UAE-bred talent shapes the country’s relationship with hip-hop
13 May 2024 08:50

Khaled Al Khawaldeh (Abu Dhabi)


The UAE’s relationship with hip-hop is one that has grown through the years. Attracted to the luxurious sight of Dubai and Abu Dhabi, rappers from around the world reference the UAE in their songs as a symbol of status. Artists like Drake, Future, and Stormzy talk casually of their escapades in the country’s glittering cities as testament to their dominance of the genre.

But as the culture develops, a new generation of artists is challenging this status-quo, expressing the nuances of growing up in this uniquely diverse place. Using the raw energy and authenticity of hip-hop, they deliver stories that go further than the tired and overused representations of status – exploring what it means to exist on the crossroads of East and West, and the new world and old.

Speaking to Aletihad behind the scenes at the BRED hip-hop festival held in Abu Dhabi’s Yas Island in April, locally based artists from across the UAE spoke of how the cosmopolitan country shaped their sound, and how far the culture had come.

“I feel like Abu Dhabi has managed to bring different cuisines and welcome them in a very inclusive way. And in one way or another, that formula equated to something different. You come here and you have a Hassan Matar, like you’re probably not going to find that somewhere else,” Abu Dhabi-raised, spoken word hip-hop Artist, Jaysus Zain, told Aletihad, referencing the popular, local cult classic sandwich which fuses Indian and local flavours.

“So, bringing it back music, we have a very similar thing. Artists and producers bring their own sauce to it, their own tradition; for example, I know many artists sampling old Emirati music.”

Jaysus says his international upbringing in the UAE gave him a unique mixture of influences, including sounds and ideas from his Sudanese origins, his Arab friends, and the Western influence found in the country. This sentiment was shared by artist Triple M, another home-grown Abu Dhabi talent, whose music is littered with references to his upbringing in the capital. In conversation with Aletihad, he explained that he was overjoyed at the opportunity to perform in the place which made him who he is.

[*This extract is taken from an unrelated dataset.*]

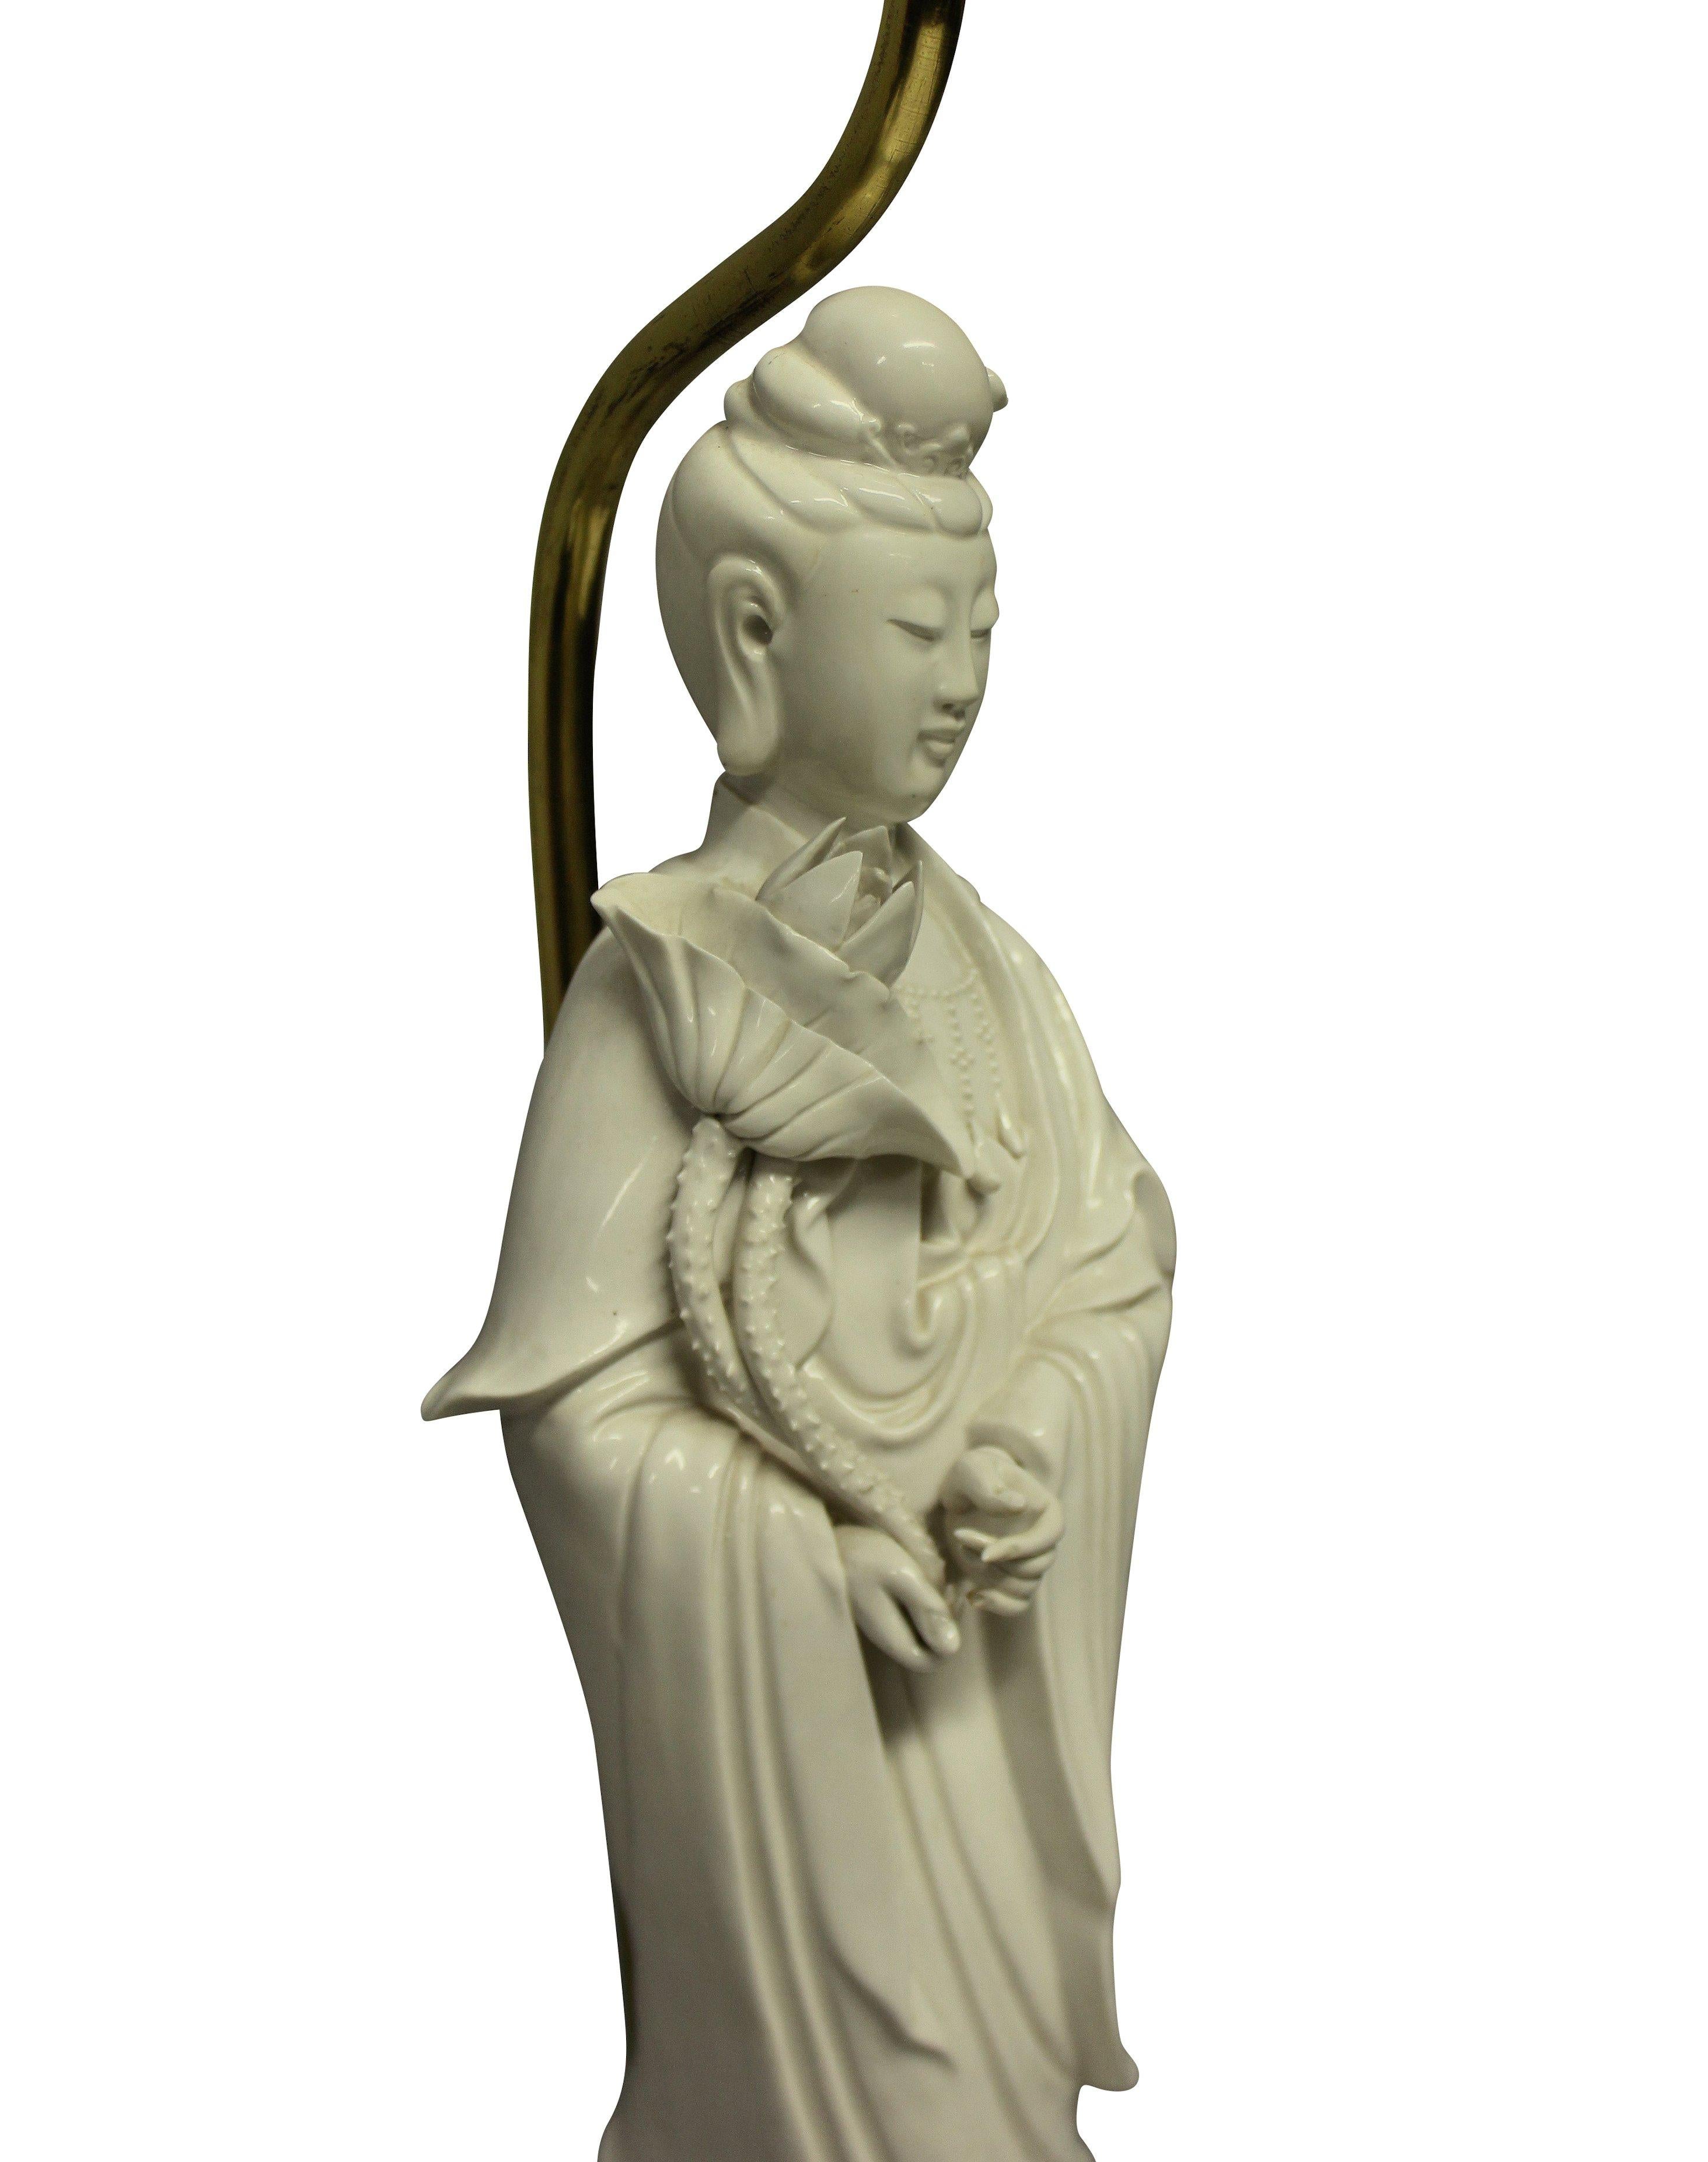 A fine French blanc de chine porcelain table lamp in the oriental manner. Depicting a Chinese lady standing upon a water gilded base.

“It was very special performance because this is my hometown. I was born here. I was raised here. Went to school here. It’s actually incredible, my family and friends were all in the crowd,” he told Aletihad after his performance.

“I mention Karak a lot in my music. I mentioned Mina a lot. I talk about Nadi Seyahi [Tourist Club]. These spots are very sentimental to people grew up here in Abu Dhabi, and they know what I’m talking about just by mentioning one word. It creates sense of nostalgia. It gives me the sense of identity that I longed for in my music for a long time.”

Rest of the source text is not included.